/---

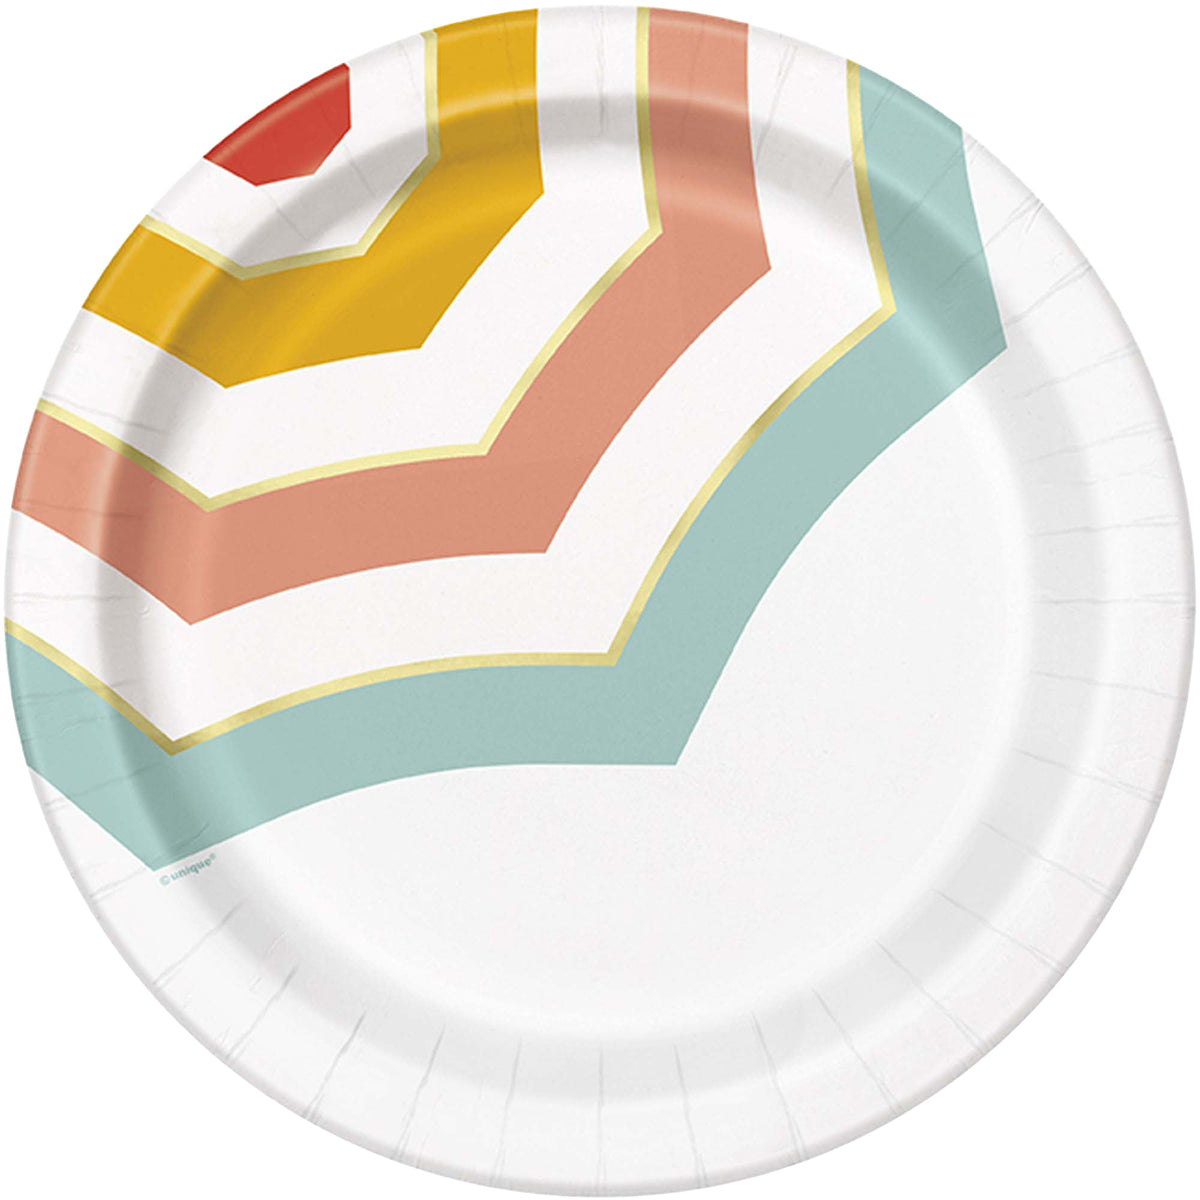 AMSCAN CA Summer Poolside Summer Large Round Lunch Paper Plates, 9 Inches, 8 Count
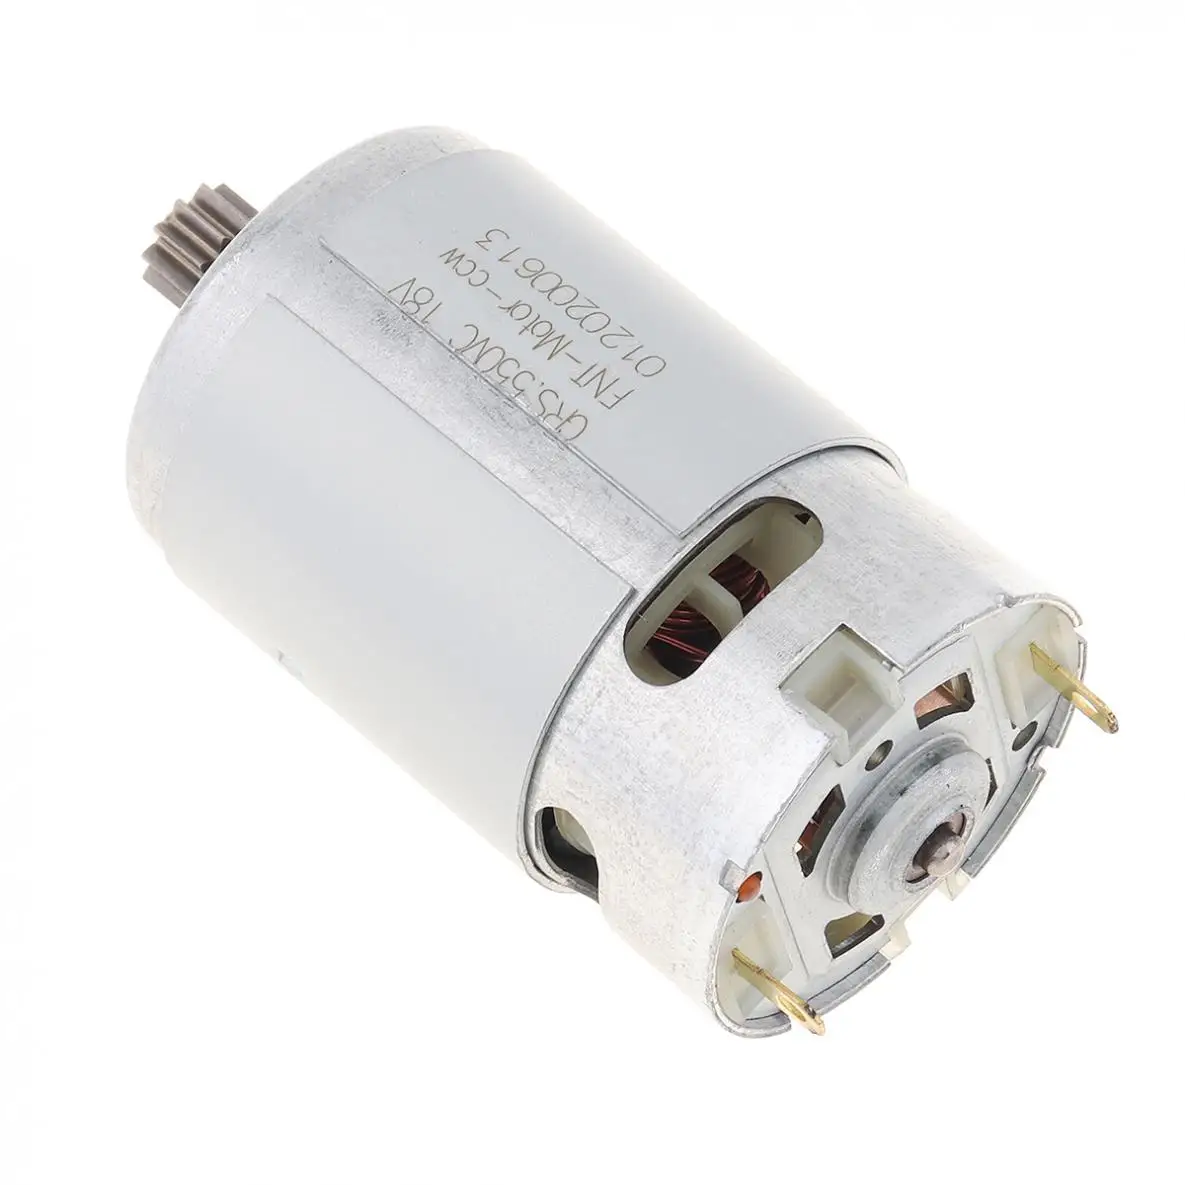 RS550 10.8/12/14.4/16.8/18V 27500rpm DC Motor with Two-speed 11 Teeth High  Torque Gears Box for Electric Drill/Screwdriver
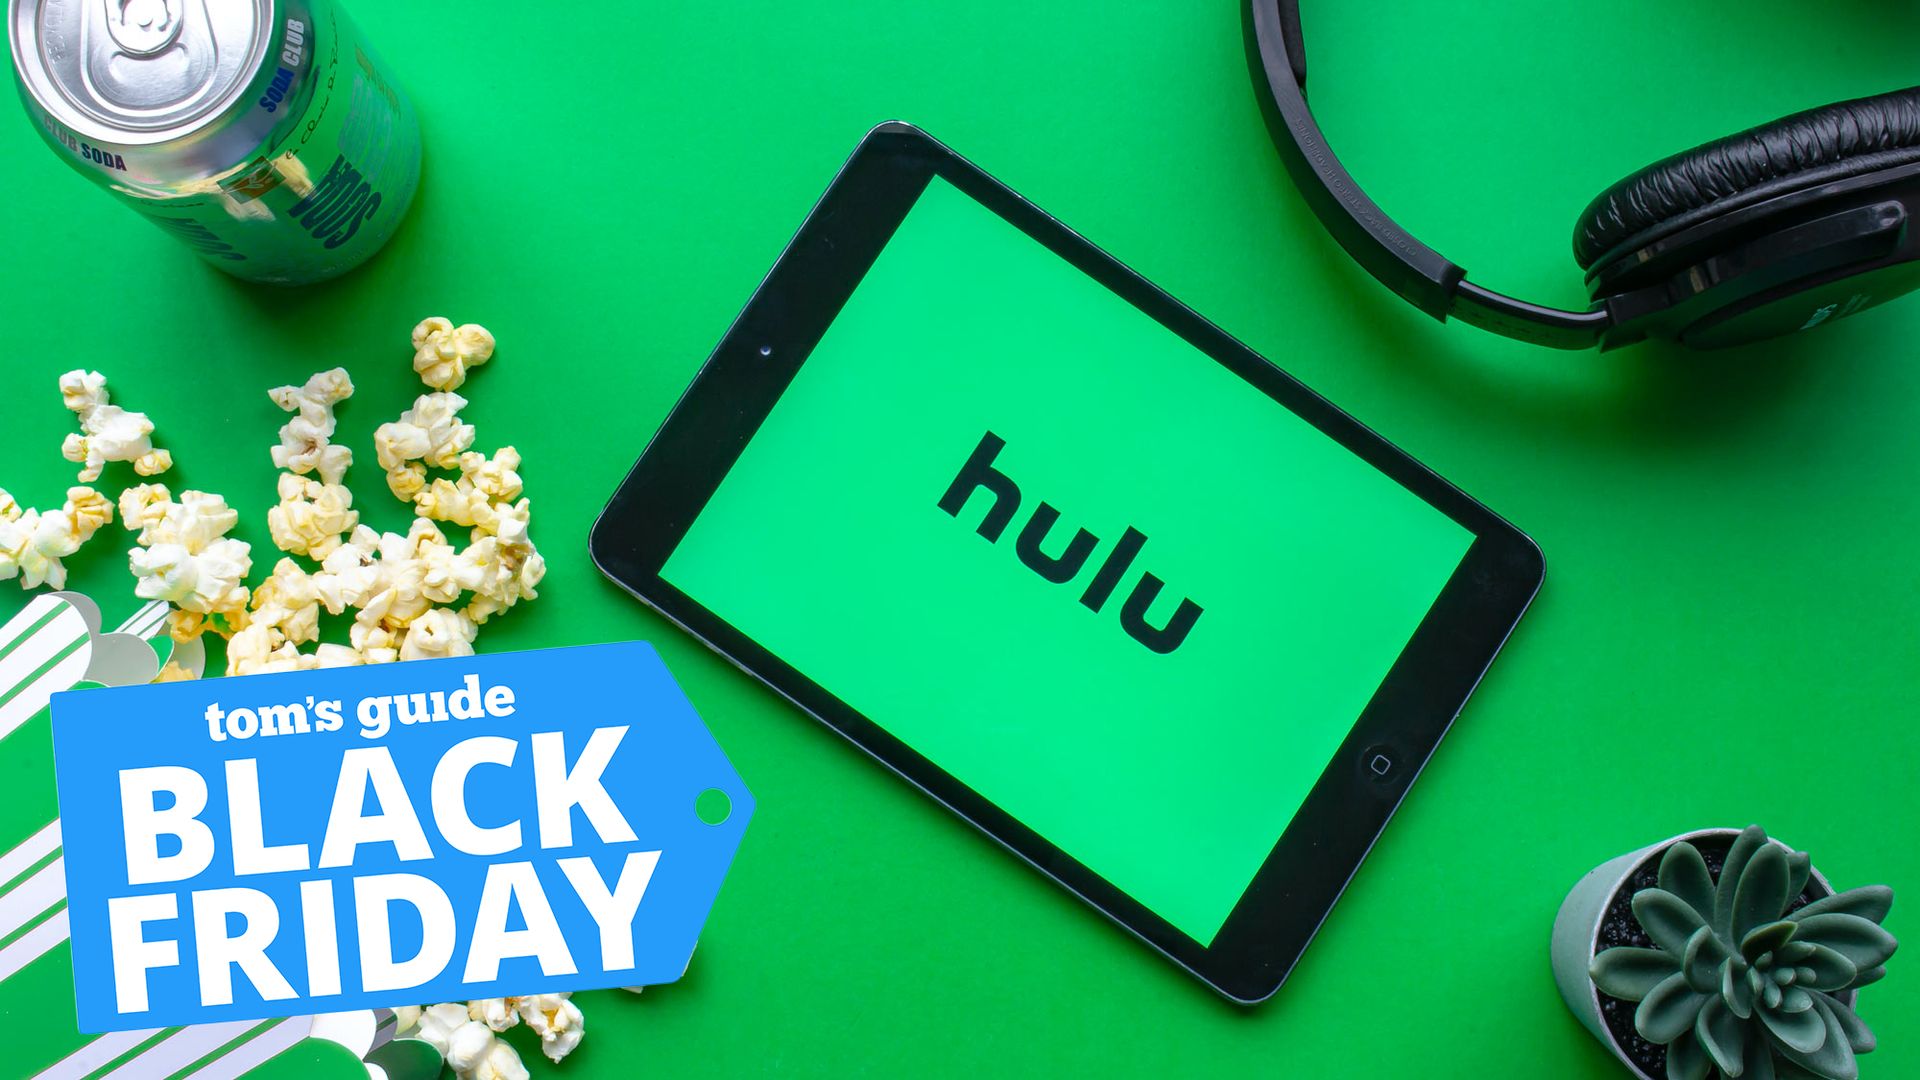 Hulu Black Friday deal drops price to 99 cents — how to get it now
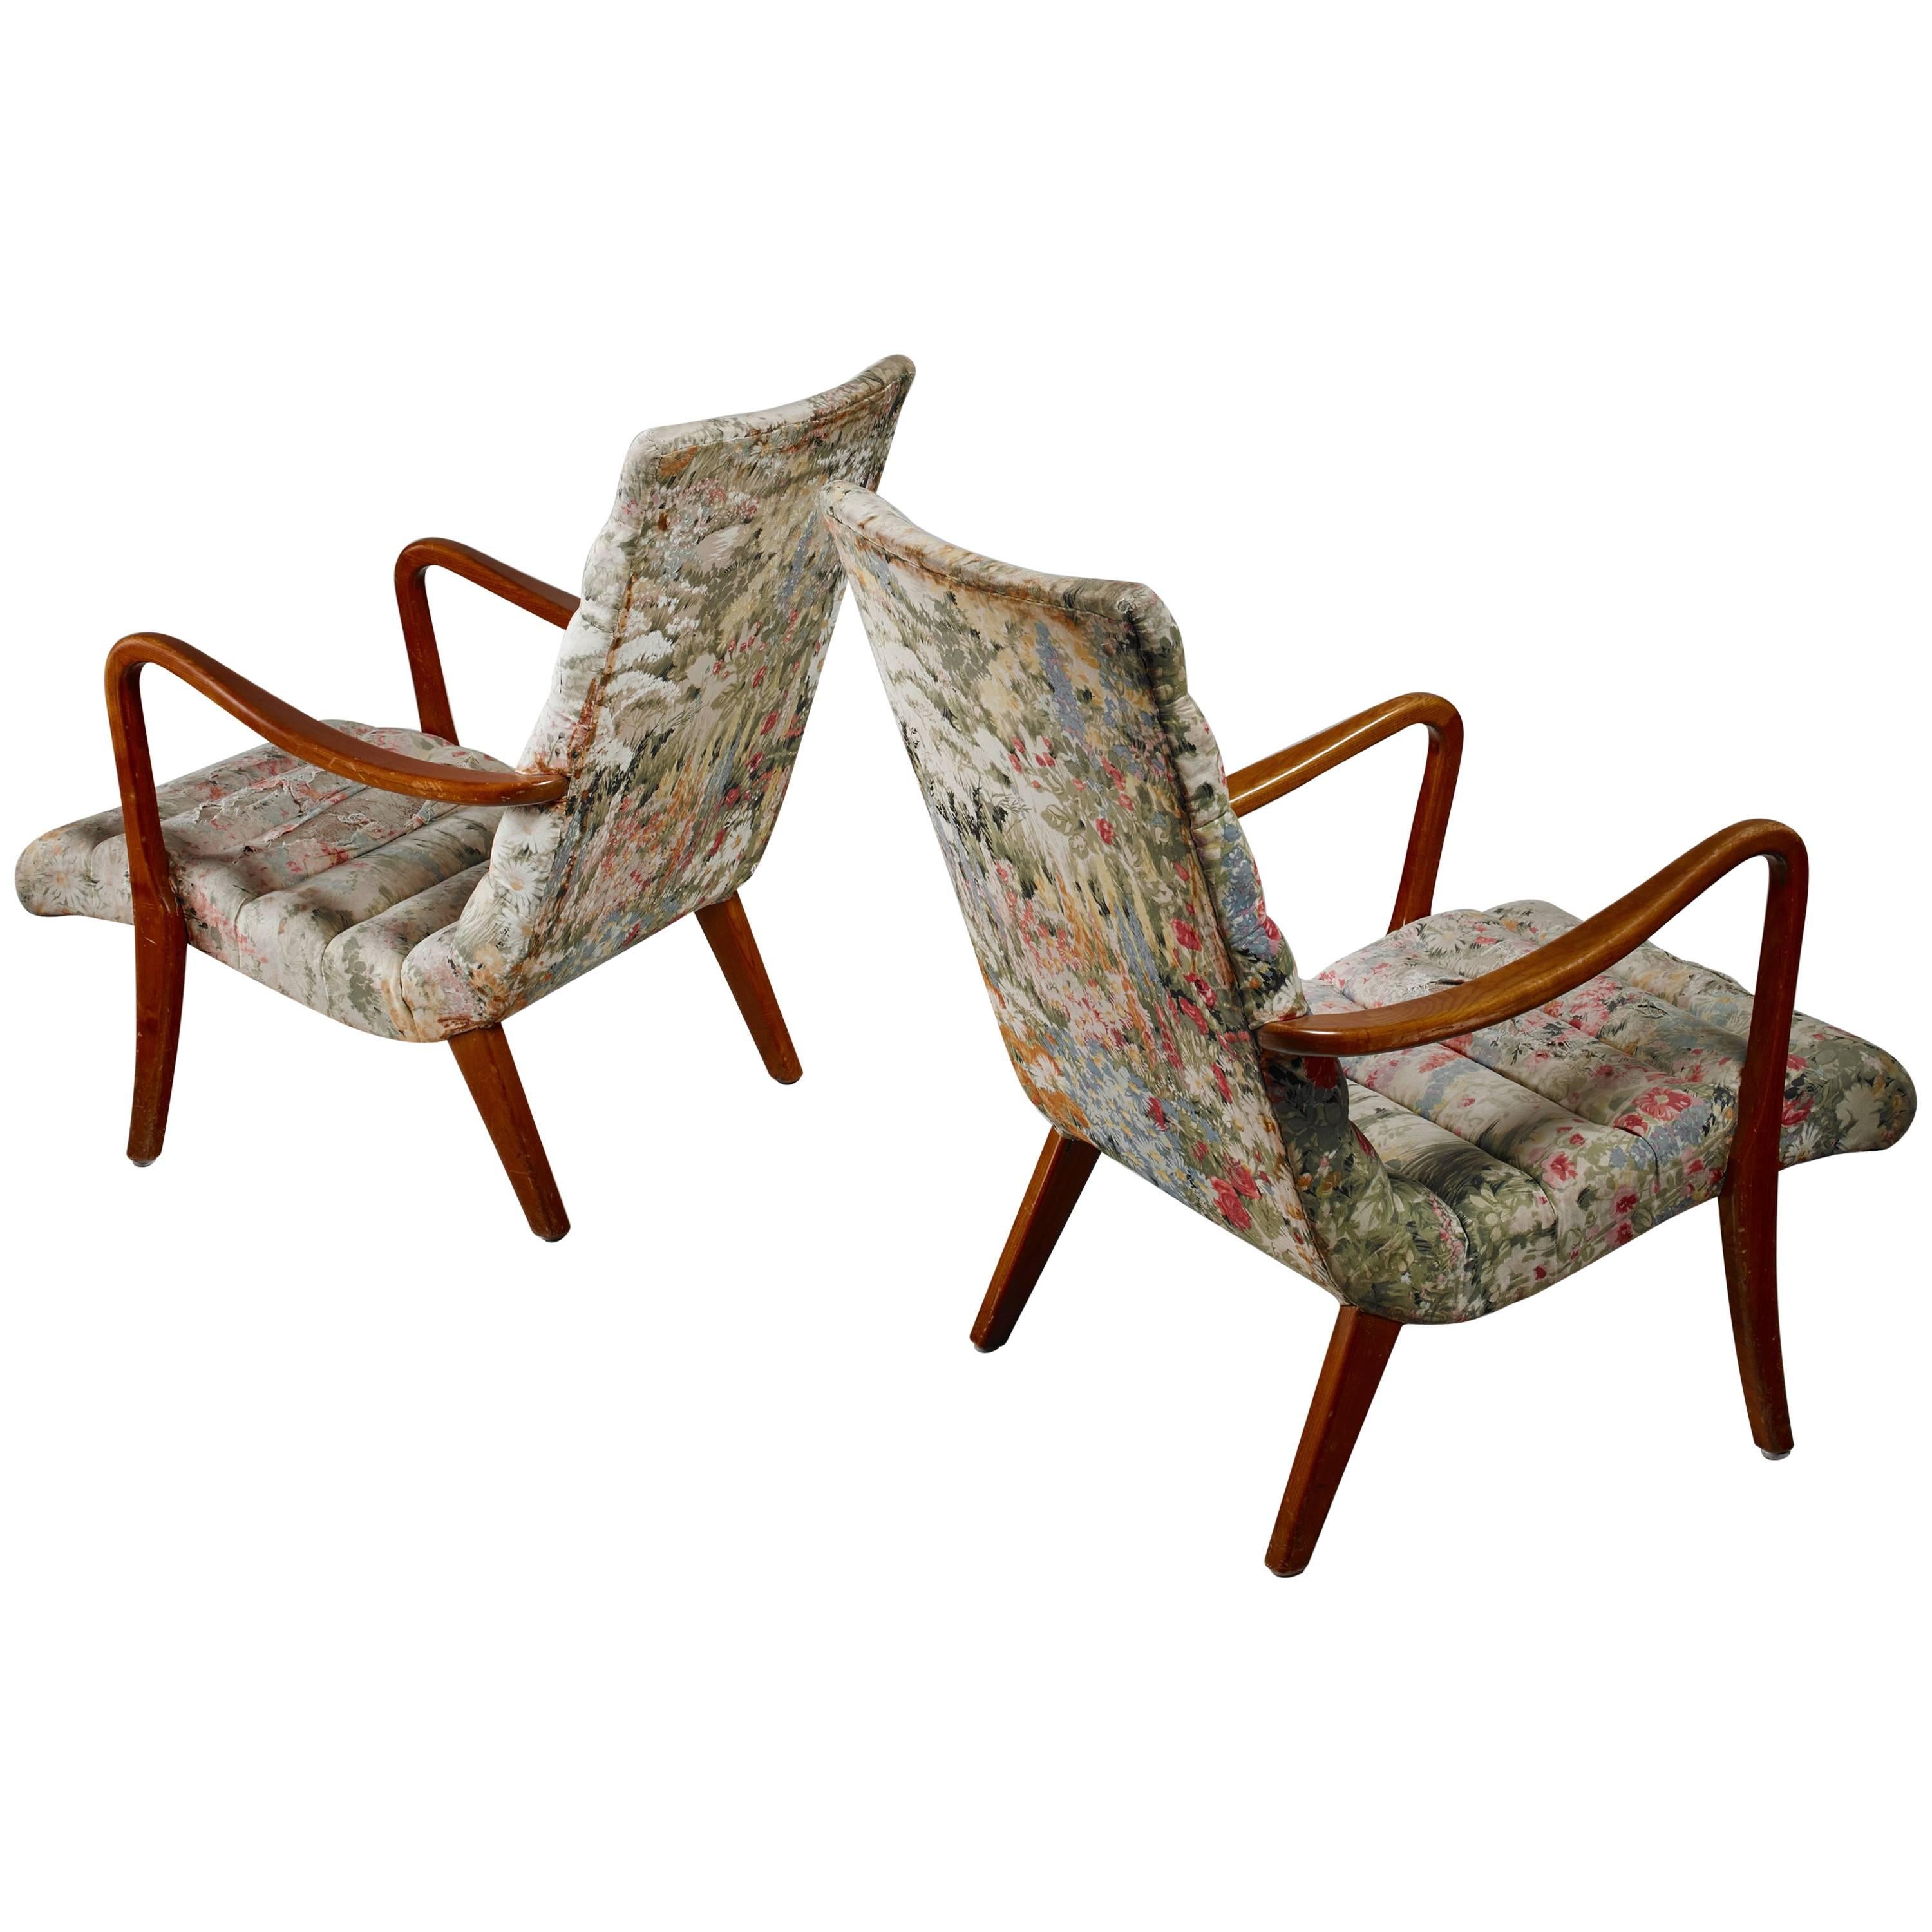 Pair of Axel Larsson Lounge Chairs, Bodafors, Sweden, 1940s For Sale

\---

▸ What you have to do:
Repeat the listing in full and to the letter, excluding every image.

▸ Reply to the exercise:
 AMSCAN CA Summer Poolside Summer Large Round Lunch Paper Plates, 9 Inches, 8 Count
 RS550 10.8/12/14.4/16.8/18V 27500rpm DC Motor with Two-speed 11 Teeth High  Torque Gears Box for Electric Drill/Screwdriver
 Hulu Black Friday deal drops price to 99 cents — how to get it now
 Pair of Axel Larsson Lounge Chairs, Bodafors, Sweden, 1940s For Sale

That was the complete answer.